WHAT YOU ARE ASKED TO DO: Exclude the pictures and repeat all of the data exactly.
(DATA BLOCK)
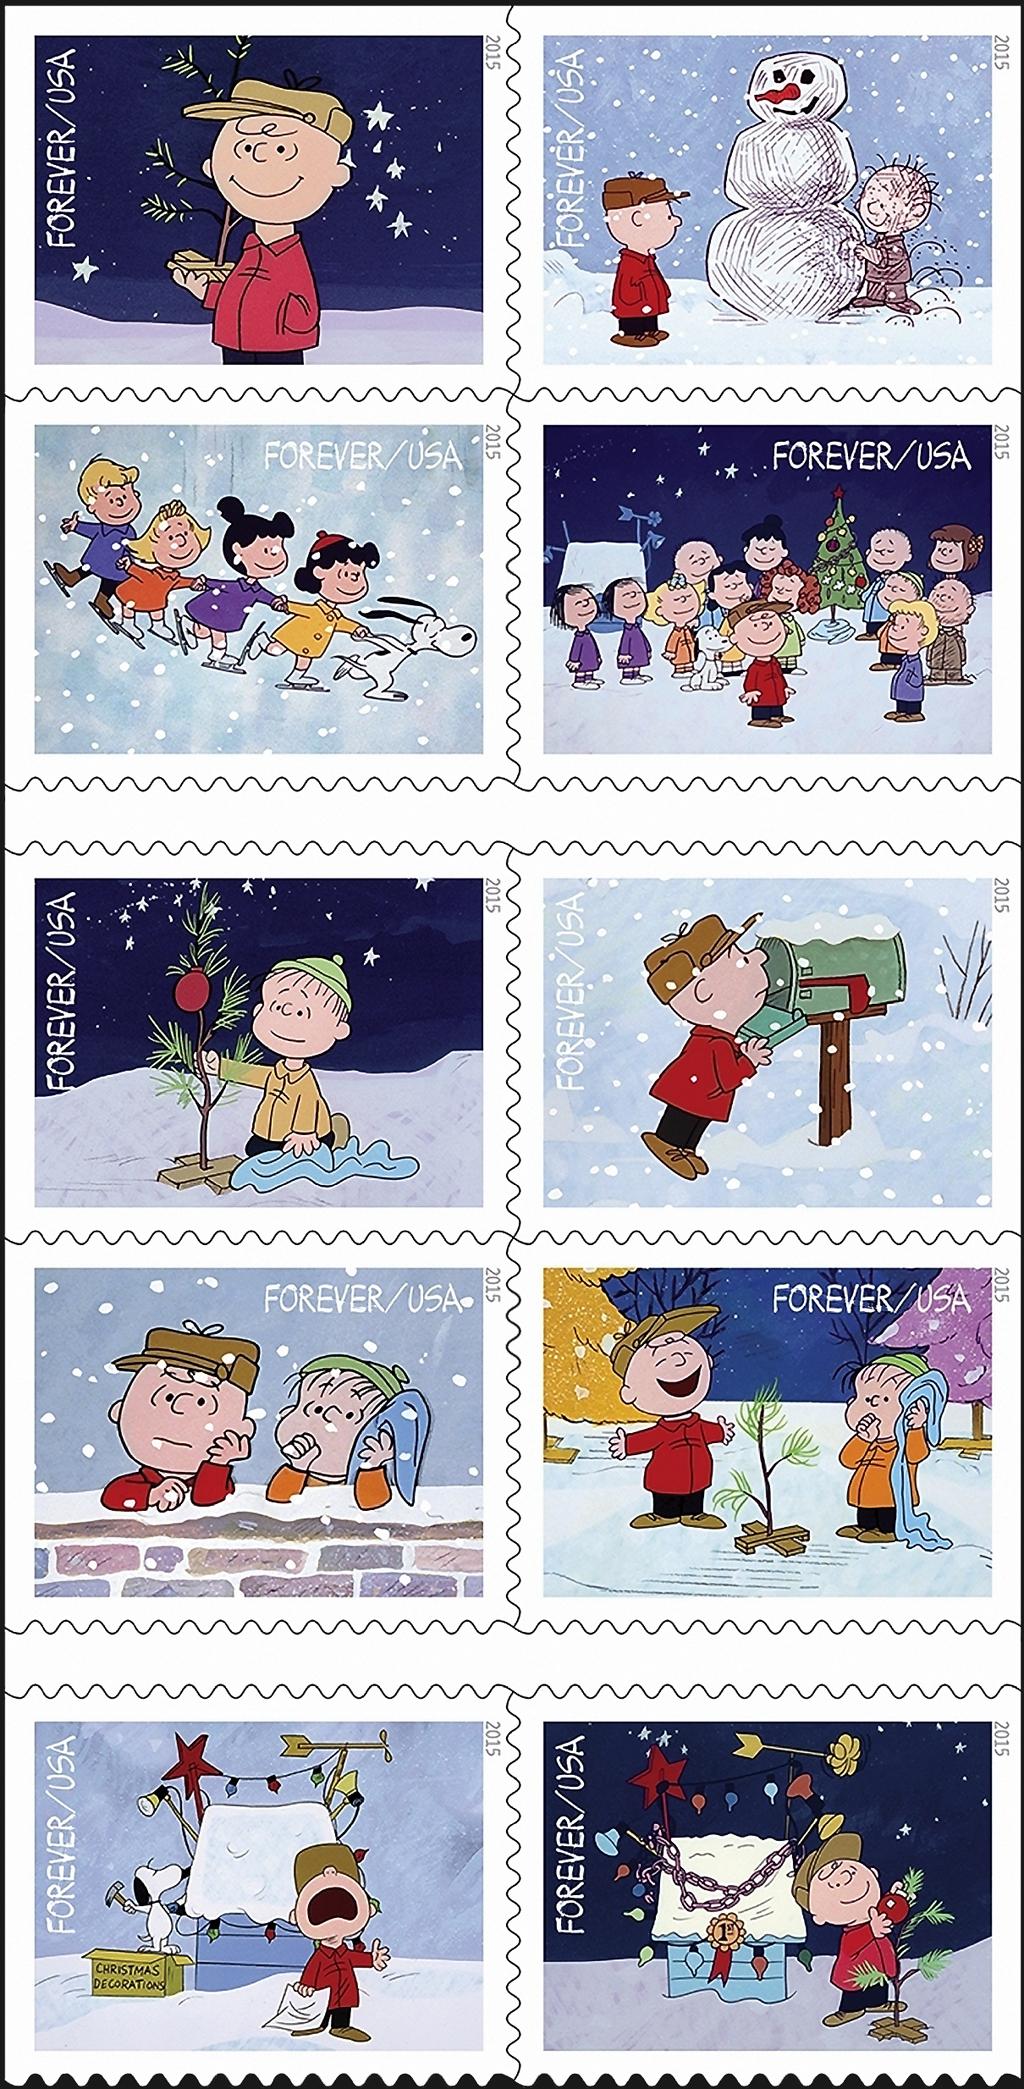 charlie-brown-christmas-10-stamps-2015
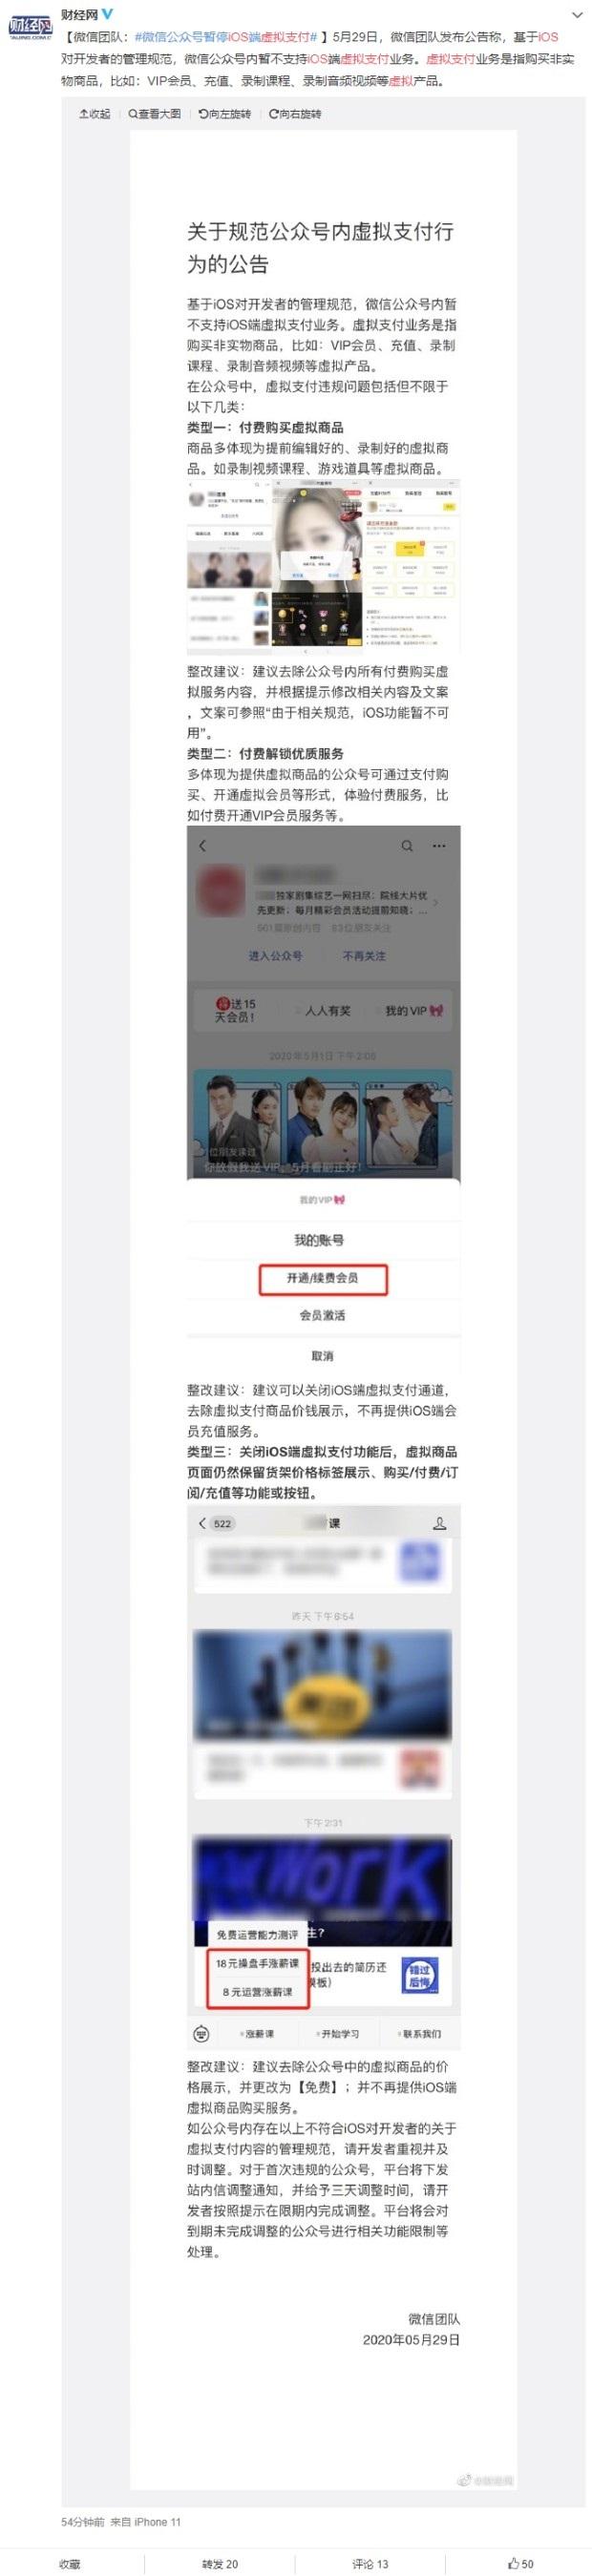 微信团队:微信公众号暂停 iOS 端虚拟支付
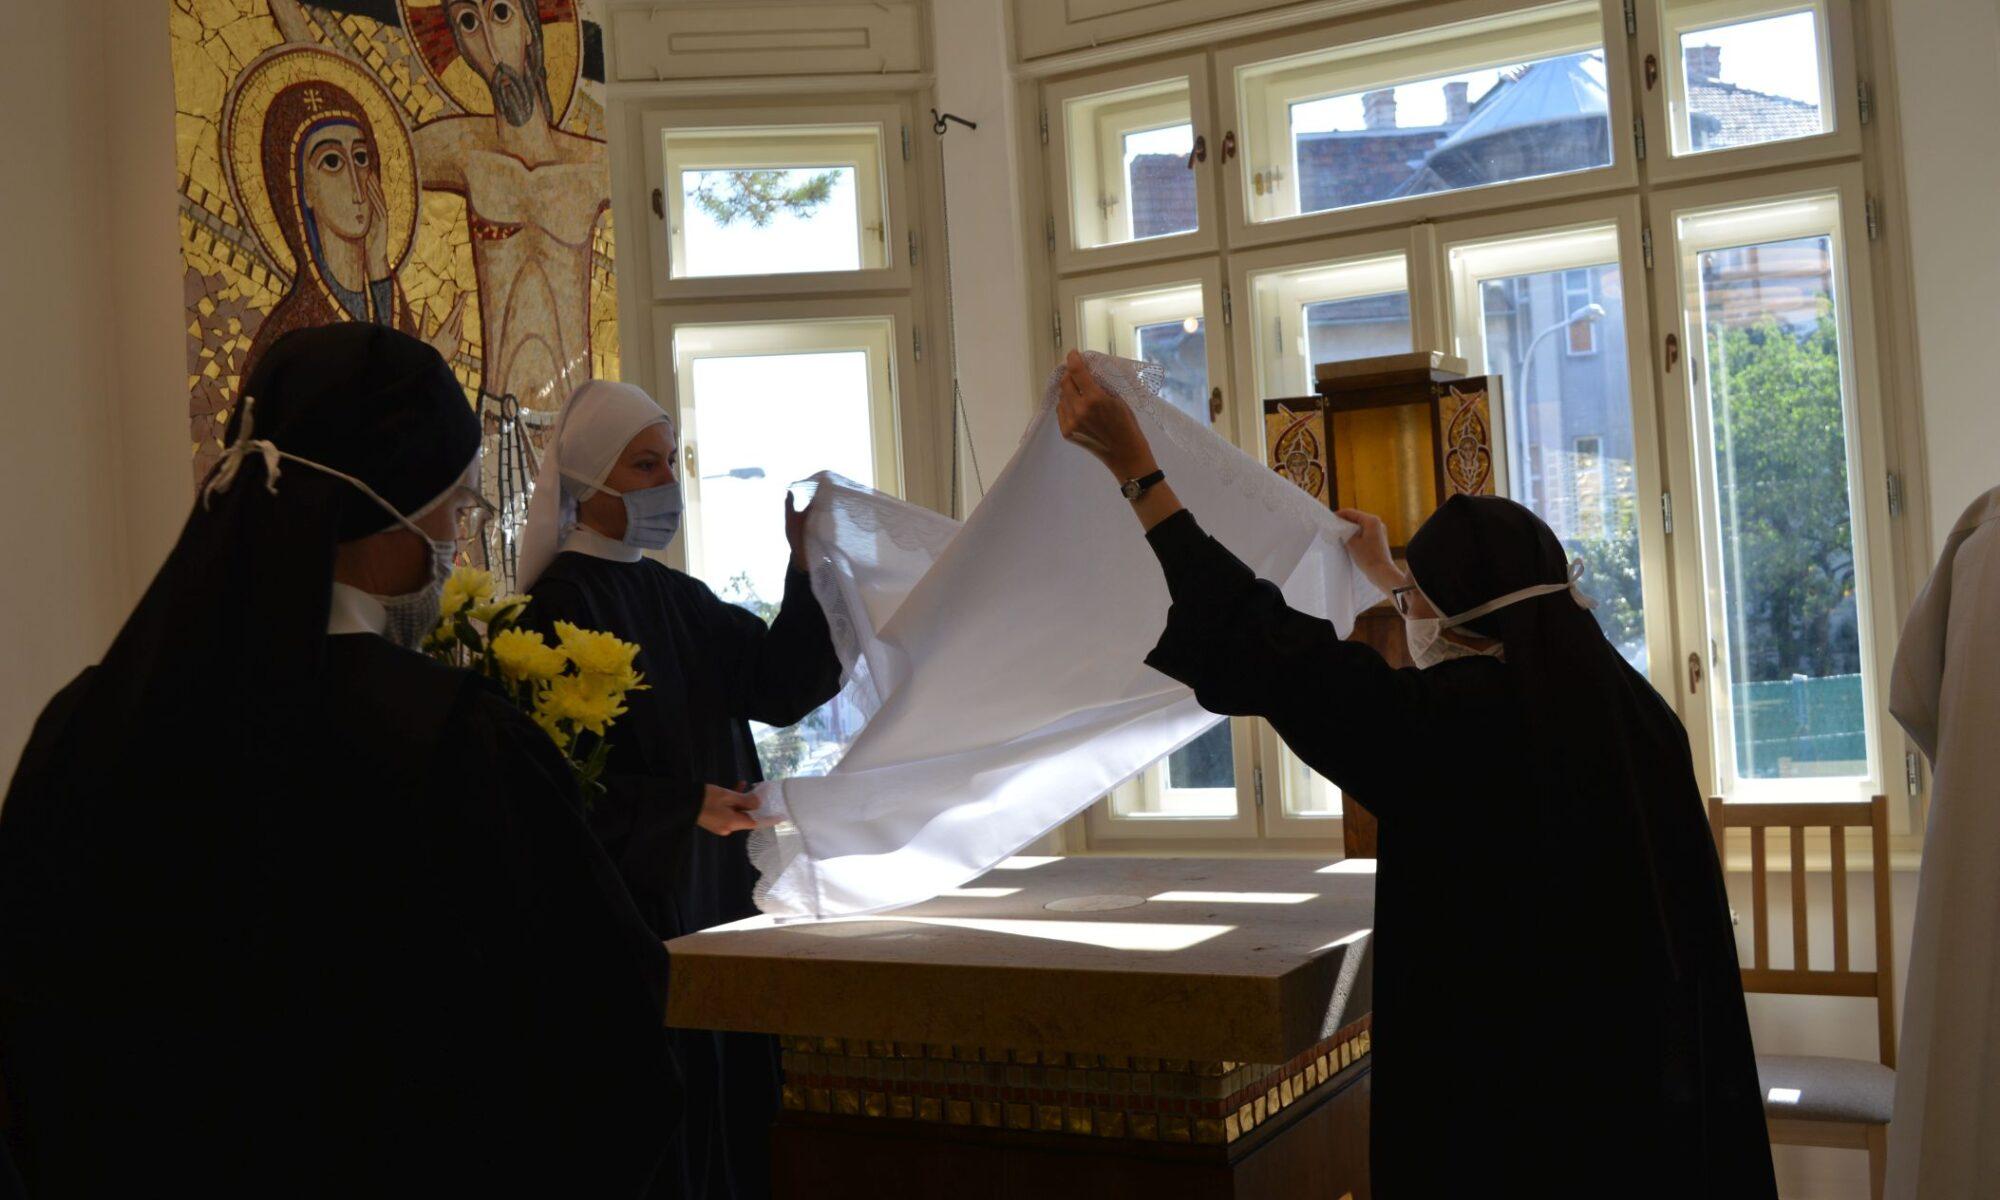 Položení liturgických rouch na oltář
(End DATA BLOCK)
EXERCISE ANSWER:
 charlie-brown-christmas-10-stamps-2015
 微信团队:微信公众号暂停 iOS 端虚拟支付
 Položení liturgických rouch na oltář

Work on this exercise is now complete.